One size does occasionally fit all, but not always. My drill sergeant assured me that the if my equipment stated “one size fits all” that it would fit me, no matter what. I protested one time when a rain poncho I was wearing was clearly too big and I paid for it dearly. I had to practice rolling in a mud puddle for about 20 minutes in the freezing cold while everyone else was eating some hot chow under a canopy. After some time, I was asked if my rain poncho fit, and I replied “like a glove drill sergeant!”

Fortunately we don’t have to live in a world where businesses are forced to accept a solution that does not fit their needs, although some companies will try and make it fit, or make you believe it fits. A good IT solution provider will find the right solution for your business’ needs no matter what adjustments need to be made to a sales solution, or technical implementation. What I’m referring to here is flexibility in hardware & software choices and robust options in implementations of those chosen technologies.

Take for example a typical high availability  backup system. You have servers that are backed up and resilient because of their high availability cloud solution. You then have all workstations backing up to the servers and the servers themselves backing up at night & during the day to the cloud. The cloud, usually 2 -3 data centers backup to each other.

simple cloud backup solutionIt’s a great solution, but what is the start-up cost? What is the monthly and yearly costs? What if you need high availability and cloud backup but it is cost prohibitive to your organization. So you throw your hands in the air and give up? Hopefully not. If you have a qualified IT firm taking care of your backup and high availability planning, they should be able to develop a system that may be scaled down but does not break the bank. Sometimes a simplified and scaled down solution can give you the protection and security you need.

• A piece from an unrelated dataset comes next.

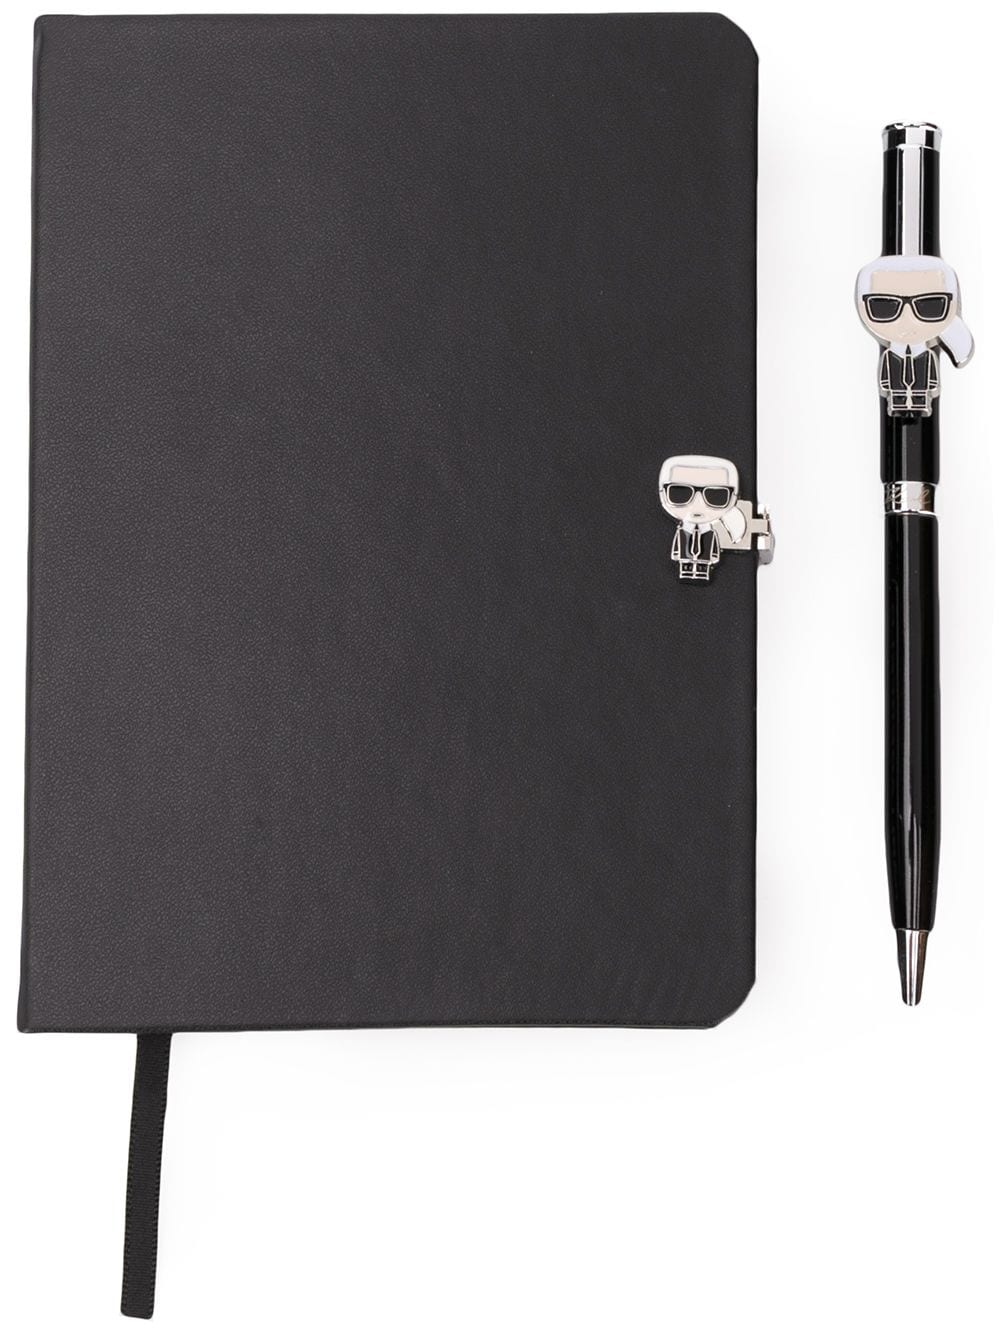 Записная книга с ручкой KIkonik Karl Lagerfeld 7nbsp421 руб.

The ability of your IT firm to scale packages up and down to meet the needs of their customers is crucial to the success of that client company. As a client you may want to ask some of the following questions to make sure that you’re getting the right solution. Your technology provider, or IT firm may not give you all the answers you want, but they should be able to give you informative answers that assist you in understanding your backup and high availability platforms.

  • What type of hardware do you use in your solution? Is it expensive to repair? Can it be upgraded as time goes by?
  • What type of software do you use in your solution? Can it ever be changed for something different?
  • If our business grows, will we need all new hardware for our backup system? Can we build on what we already have?
  • If we downsize our business and need to reduce costs, can we still maintain a backup or high availability platform and pay less money?
  • What will the cost difference be if we start with a smaller system and grow into a larger one?
  • If you implement a system that will quickly outgrow, will your firm absorb some of the cost for implementing a larger system?
  • What is the expected up-time for our data and our systems if we use the “x” recommended solution vs. the “y” solution?
  • What kind of support can we expect to receive if we implement your system? will it be 24×7 on the hardware and the software? Will there be additional fees?
  • How long is this technology expected to last? When we we have to switch to an entirely new type of technology?

Depending on your technology choice for backup and high availability, you may receive greatly varying answers, however, make sure that your solutions provider knows their products and they can remain flexible in providing you with the best possible cloud backup / availability system.